Pending tasks are handled differently. Once TaskTracker notices that it has not received progress updates in a while, it marks the task as failed. After this, the JVM child process is automatically killed. The elapsed time for task failure is typically 10 minutes, which can be done on a job basis (or cluster basis with the mapred.task.timeout property set to a value in milliseconds)

If timeout is set to 0, the timeout rule is turned off, so long-running tasks are never marked as failed. In this case, the suspended task never releases its task slot and ultimately reduces the efficiency of the entire cluster over time. Try to avoid this setup, and make sure that each task has regular reports on its progress.

JobTracker knows that a task attempt has failed (called by TaskTracker’s “heartbeat”) and it reschedule the execution of the task. JobTracker tries to avoid rescheduling tasks that fail on TaskTracker. In addition, if a task fails more than 4 times, it will not be retried. This value can be set. For a map task, the maximum number of attempts to run the task is controlled by the attribute mapred.map.max-Attempts. And to reduce task, by mapred. Reduce. Max. Attempts property control. By default, if any task fails more than four times (or if the maximum number of attempts is set to four), the entire job fails.

For some applications, we do not want to abort the entire job once a few tasks fail, because some of the results of the job may still be available even if a few tasks fail. In this case, you can set the maximum percentage of jobs that are allowed to fail without triggering job failures. Map tasks and reduce tasks can be independently controlled, respectively by: mapred. Max. Map. Failures. The percent and mapred. Max. Reduce. Failures. The percent attribute to set.

Task attempts can also be aborted, which is different from failure. A Task attempt can be aborted because it is a speculative copy, or because the Tasktracker it is on failed, Lead to the jobtracker will not be included in the task to run attempts (by mapred. Map. Max. Attempts and mapred. Reduce. Max. Attempts to set), because trying to suspend the task is not wrong.

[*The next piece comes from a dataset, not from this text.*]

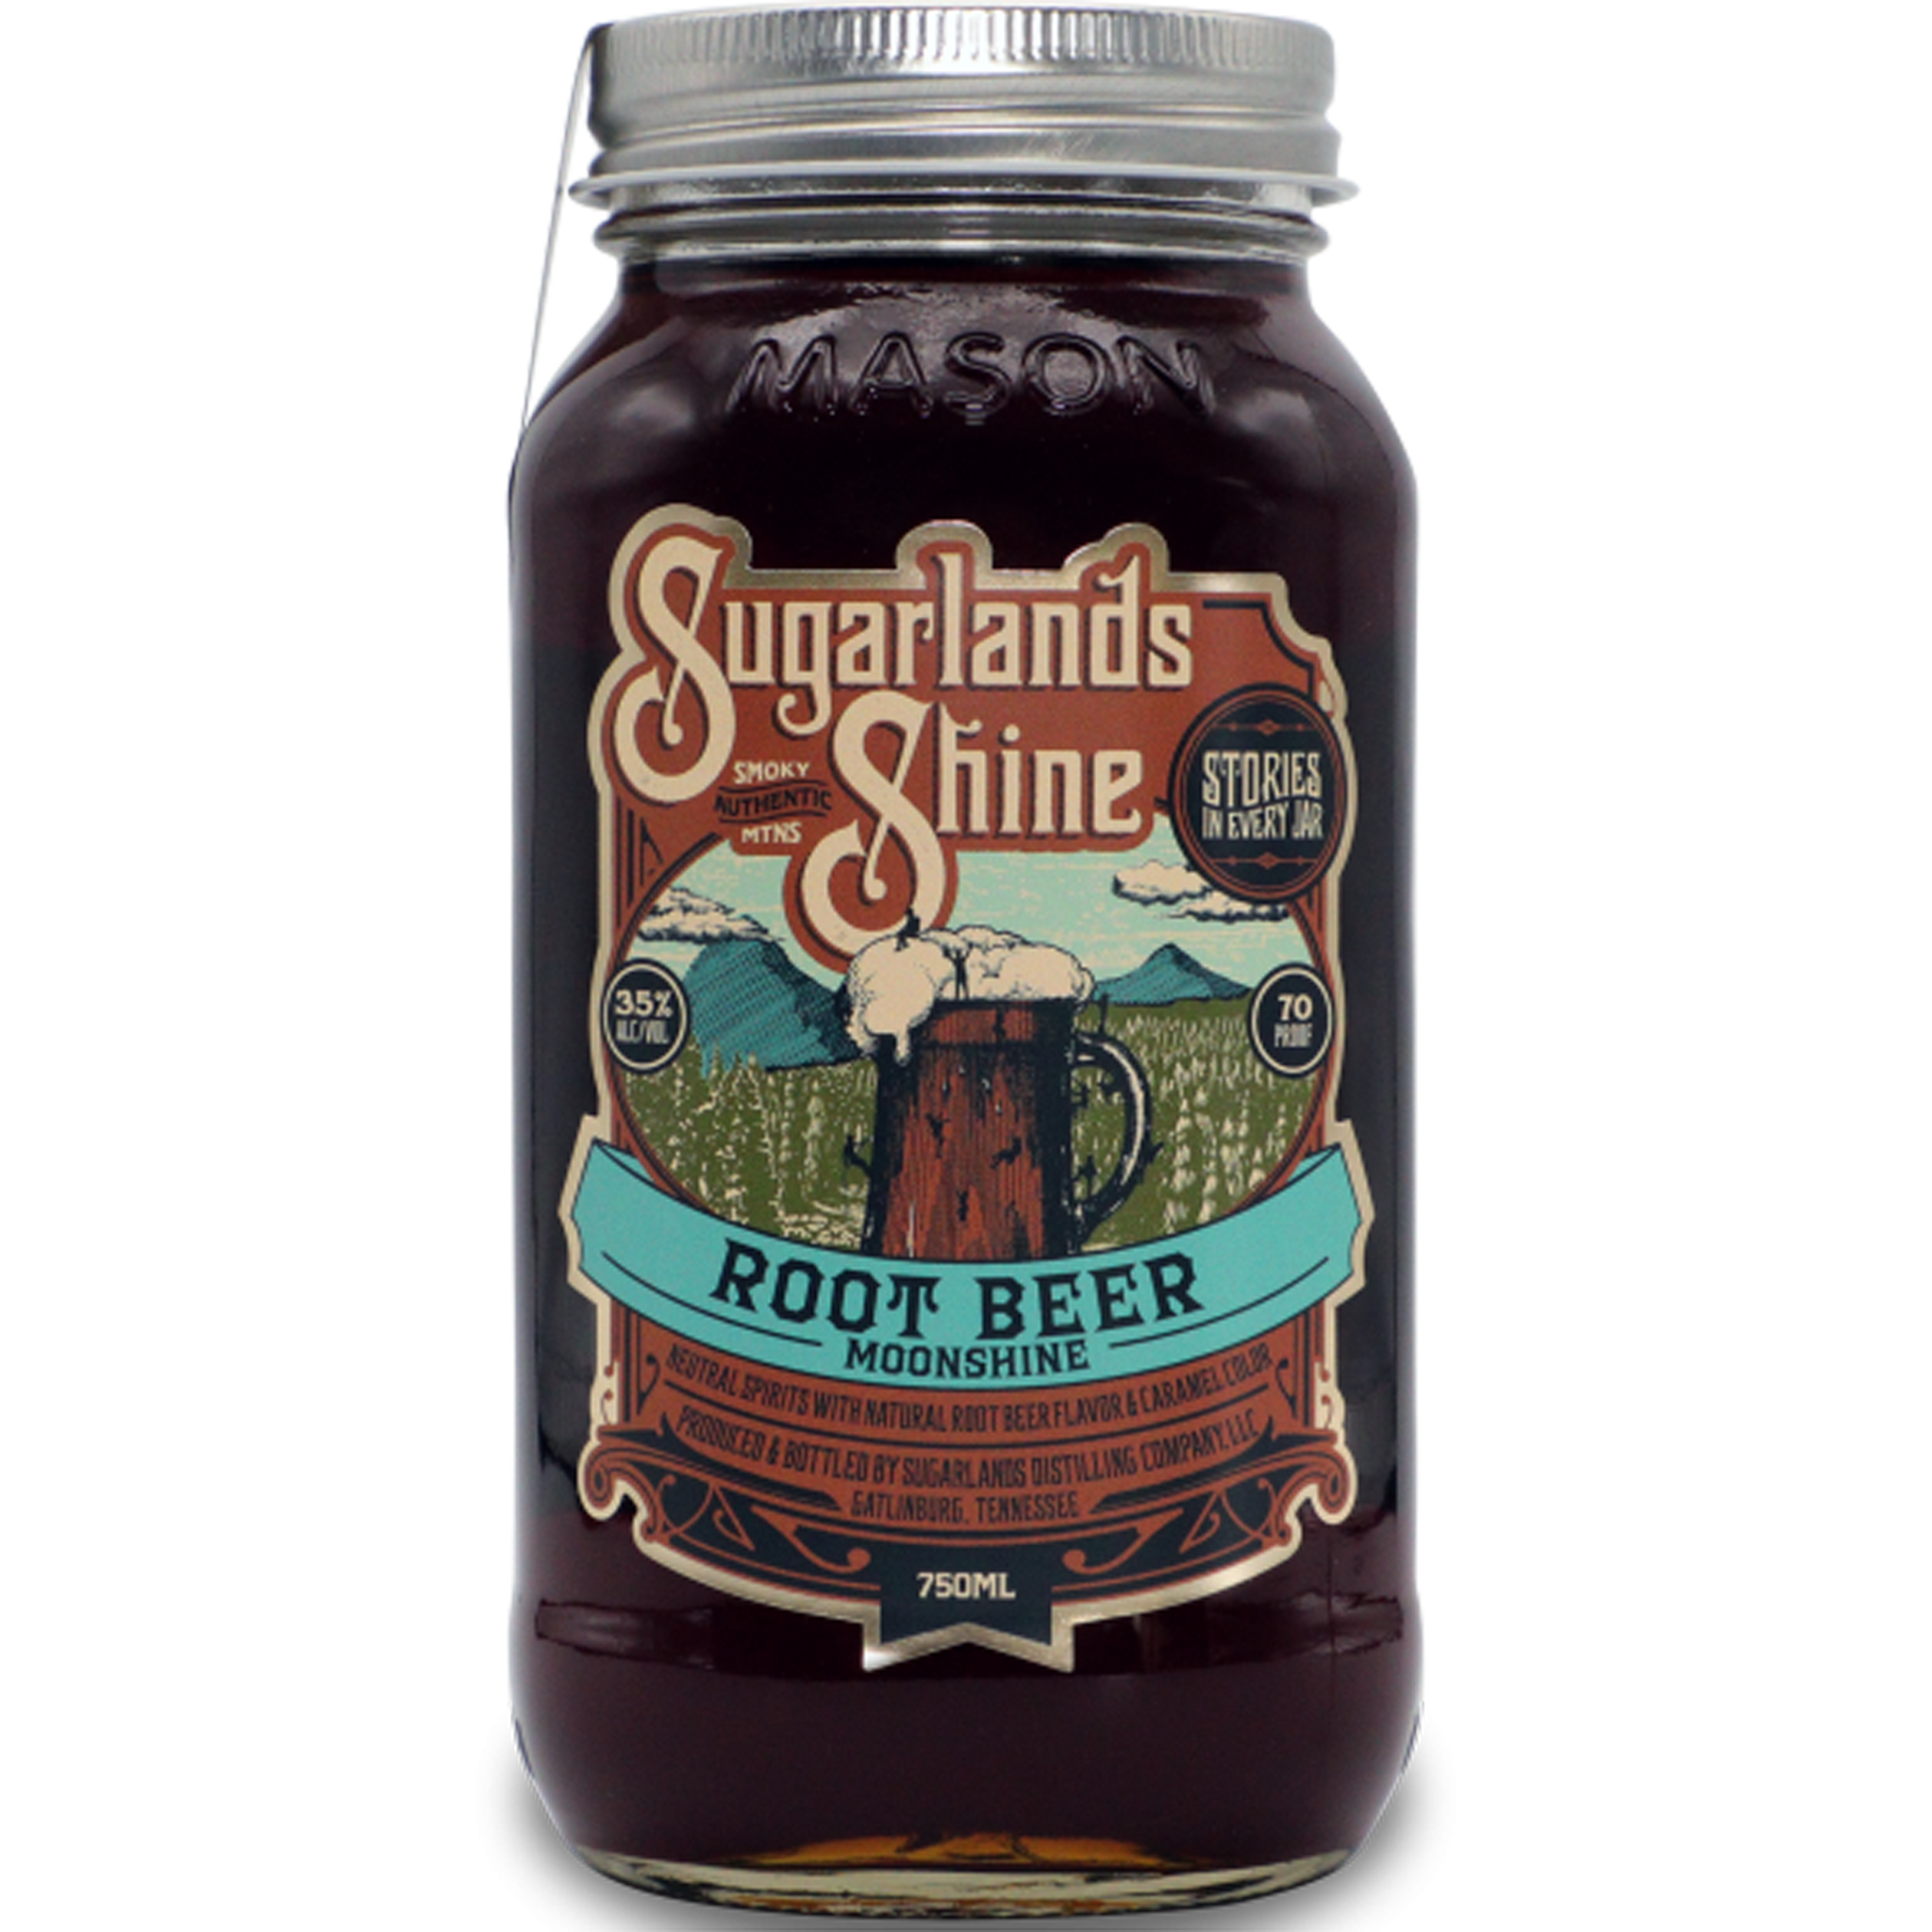 Sugarlands Shine Root Beer

Users can also abort or cancel task Attempt by typing Hadoop Job on the Web UI or command-line interface (CLI). A job can be aborted using the same mechanism.

8.2 taskTracker fails

Tasktracker failure is another mode of failure. If a TaskTracker fails because it crashes or runs too slowly, it will stop sending heartbeats (or very few heartbeats) to JobTracker. Jobtracker will notice a TaskTracker that has stopped sending a heartbeat (assuming it hasn’t received one for 10 minutes). . This value by the mapred. Tasktracker. Expiry interval attribute to set, in milliseconds), and removed from the wait for task scheduling tasktracker pool. If the job is incomplete, JobTracker will re-run the map task that has been successfully completed on the TaskTracker because the Reduce task cannot be accessed. Their intermediate output (both stored on the local file system of the failed Tasktracker). Any ongoing tasks will also be rescheduled.

Even if TaskTracker does not fail, it may still be blacklisted by JobTracker. If the number of failed tasks on TaskTracker is much higher than the average number of failed tasks for the cluster, it will be blacklisted. Blacklisted TaskTracker can be removed from jobTracker’s blacklist by restarting it.